The yield on the 10-year Treasury note slipped 2.7 basis points
to 2.393%. The yield on the 30-year Treasury bond fell 2.7 basis
points to 2.997%. The yield on the 2-year Treasury note fell 3.2
basis points to 1.274%.
Bond prices move inversely with yields and one basis point is
equal to a hundredth of a percentage point.
"The 10-year note yield has backed off from levels that suggest
a breakout above the 2.60% is not likely to happen anytime soon."
wrote Peter Cardillo, chief market economist for First Standard
Financial, in a note, predicting Treasury yields were unlikely to
follow through on the rise seen Tuesday.
"In fact, with the formal request by Great Britain to exit the
EU this week, coupled with the upcoming French elections, yields
may be poised to hang around the present levels," he said.
See:Brexit: Here's what happens now that the U.K. has triggered
Article 50
(http://www.marketwatch.com/story/brexit-heres-what-happens-now-that-the-uk-has-triggered-article-50-2017-03-29)
On Tuesday, positive economic data took yields up as
better-than-expected readings from the consumer confidence index
heightened demand for risky assets and sapped demand for safe
government paper. But after Theresa May formally signaled the
beginning of Brexit negotiations by invoking Article 50 of the
Lisbon Treaty, a decision that was widely anticipated, investors
flocked back to haven assets as one source of geopolitical
uncertainty in Europe is now concluded.
Opinion:Three ways today's triggering of Brexit will change
Britain and Europe
(http://www.marketwatch.com/story/three-ways-article-50-will-change-britain-and-europe-2017-03-29)
Chicago Federal Reserve President Charles Evans, who is a voting
member of the central bank's interest-rate-setting committee, said
he expects "one or two" more interest rate increases this year.

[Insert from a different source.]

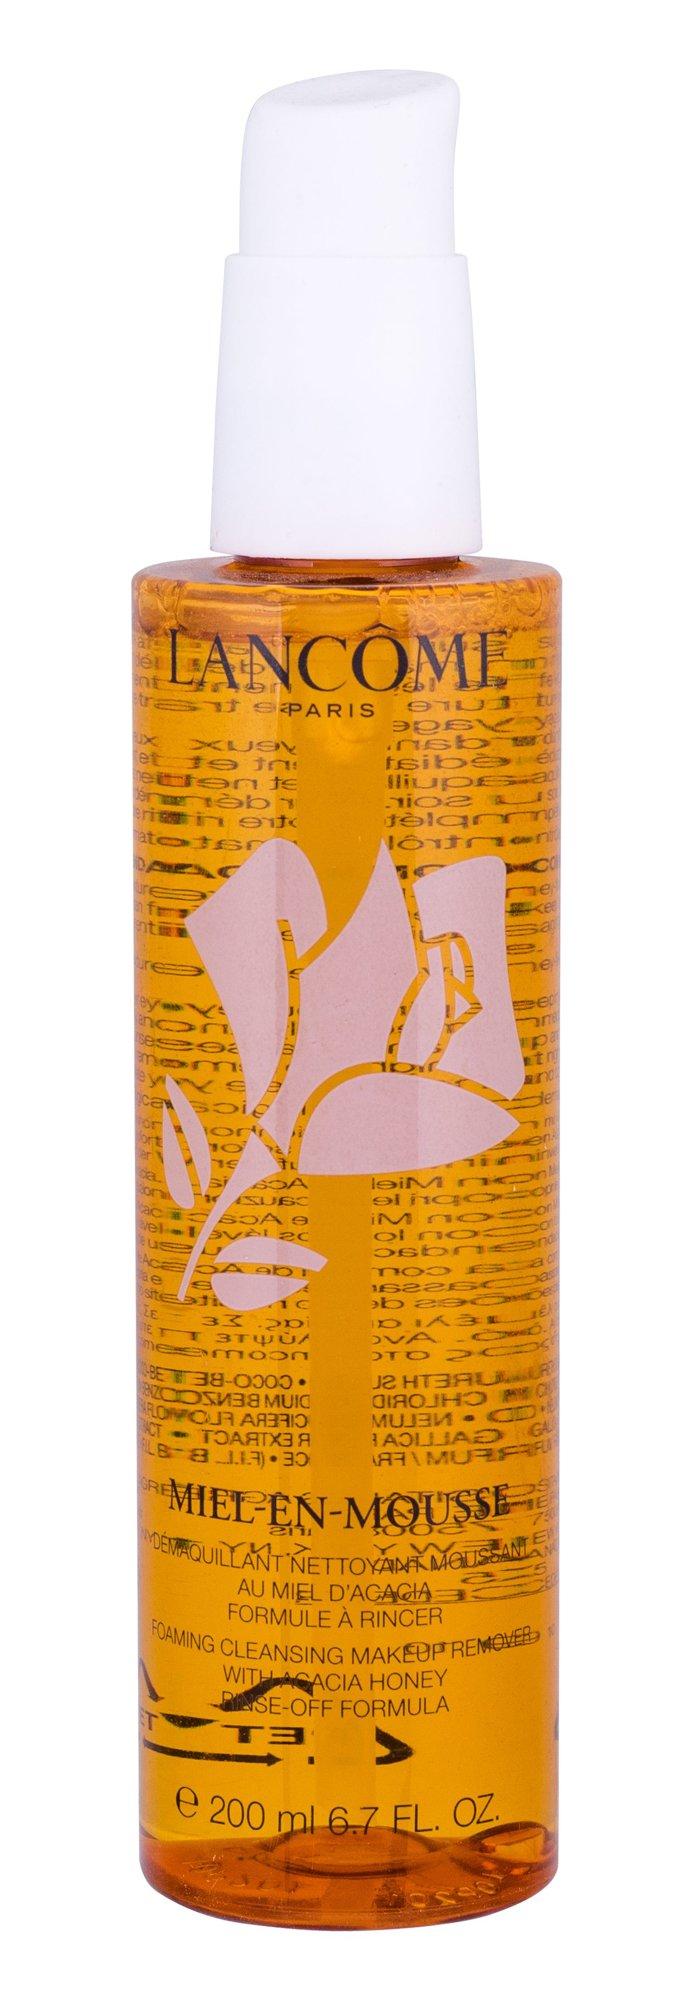 Lancôme Miel-en-Mousse Cosmetic 200ml

Evans added an inflation rate of 2.5% "for a time" would not be out
of keeping with the Fed's plans.
Treasury yields remained lower despite Boston Fed President Eric
Rosengren saying he saw three more interest rate hikes this year,
even if he would prefer the Fed to raise rates four times in 2017.
San Francisco Fed President John Williams issued similar comments,
saying he also expected three to four more hikes this year.
Auctions for $28 Billion worth of 7-year notes sold well, with
the ratio of bids awarded to bids received peaking above 2, a level
of activity largely considered by traders as healthy.